Deep learning-based image denoising (DLID) algorithms have only recently been introduced. It remains unclear whether they can fulfill the promise of improved image quality without compromising diagnostic accuracy and how large their impact is on full-dose CT images. Therefore, in this study, we aimed to assess the image quality processed by FBP, IR or a commercial DLID software. We compared the noise levels and clinical utility of these methods on a cohort of non-contrast brain CTs from three different sites and CT scanners.

Results

A total of 152 patients were included in this study (Fig. 1). The overall mean age of the patients was 69.4 ± 18.3 years, the distribution of females and males was approximately equal (77/75, 50.7%/49.3%) (Table 1). Radiation dose in terms of volumetric CT dose index (CTDI_vol), dose-length product (DLP), and effective dose was significantly different between sites and hence protocols. Median CTDI_vol ranged from 30 to 48 mGy, median DLP from 498 to 847 mGy·cm, and median effective dose from 1.00 to 1.69 mSv (Table 1).

Table 1 Patient and scanner characteristics.

Full size table

Objective image quality assessment

The absolute and relative differences in mean intensities across all regions of interest (ROIs) at all three sites were small and not significant, except for the comparison between deep-learning based, post-processed FBP images (FBP + PS) and iterative reconstructed images with strength three (I3) on the protocol/site II (Table 2). This appears to be due to a greater difference in mean intensities of the lateral ventricular anterior horn (LV), which was considerably smaller than the other areas (Table 6) and therefore showed greater variation (Table S1; Supplementary Information 1).

Table 2 Results of the objective image quality assessment.

Full size table

Regarding the noise, measured by the standard deviation, significant differences could be observed in all ROIs (Table 2). Especially in FBP + PS vs. FBP, the decreases in mean noise over all ROIs (except air) were significant: − 15.4 ± 7.4 (site I), − 8.5 ± 4.2 (site II), − 10.5 ± 7.6 (site III) (all p < 0.001) (Table 2). However, when comparing post-processed I3 images (I3 + PS) vs. I3 and FBP + PS vs. I3, non-significant decreases or even significant increases could be observed (Table 2), which did not seem to depend on the ROI but on the protocol/site (Table S4).

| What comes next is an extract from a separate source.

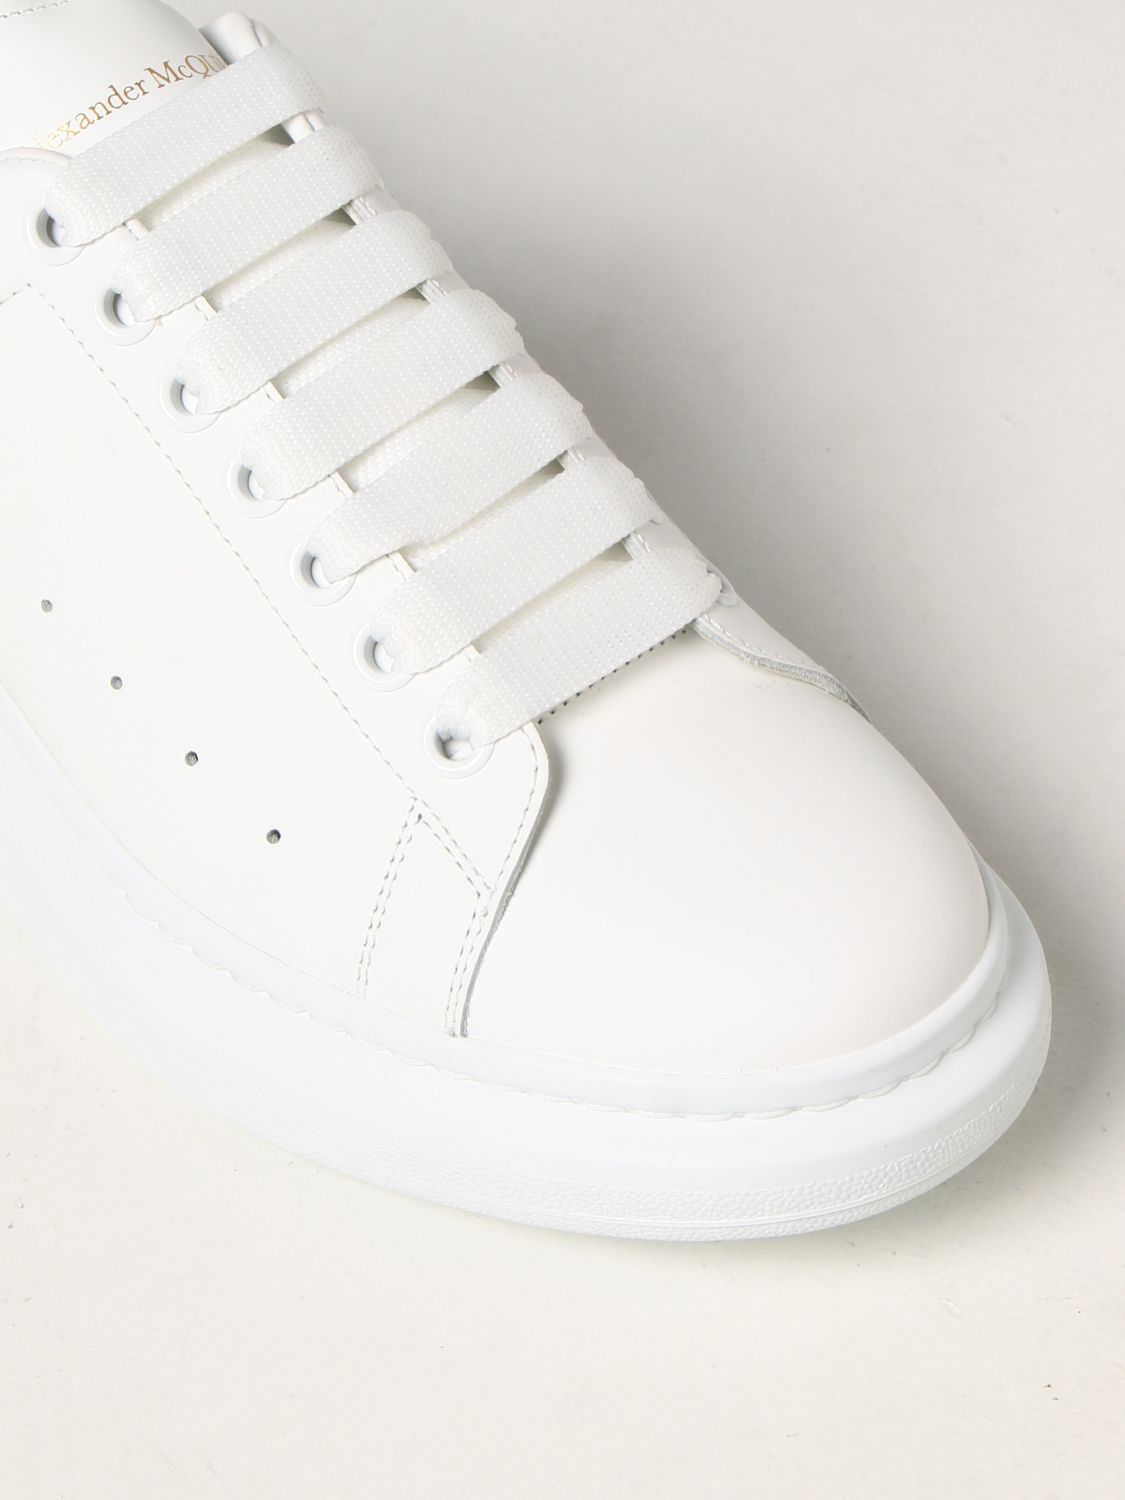 ALEXANDER MCQUEEN: Larry smooth leather sneakers - White | Sneakers ...

A similar pattern was observed for the signal-to-noise ratio (SNR); a strong and significant increase was observed when post-processing was applied to the FBP images, but non-significant increases or even decreases were observed for the other comparisons (Table 2). Again, these differences were not strongly dependent on the ROI, but on the protocol/site (Table S6).

For both contrasts, contrast-to-noise ratios infra- and supratentorial (CNR_infra and CNR_supra), a clear and significant increase was observed when comparing FBP vs. FBP + PS (Table 2). When comparing FBP + PS vs. I3, some increase was observed on site II, but almost none on site I. However, when comparing I3 + PS vs. I3, a partially non-significant decrease was observed in all cases.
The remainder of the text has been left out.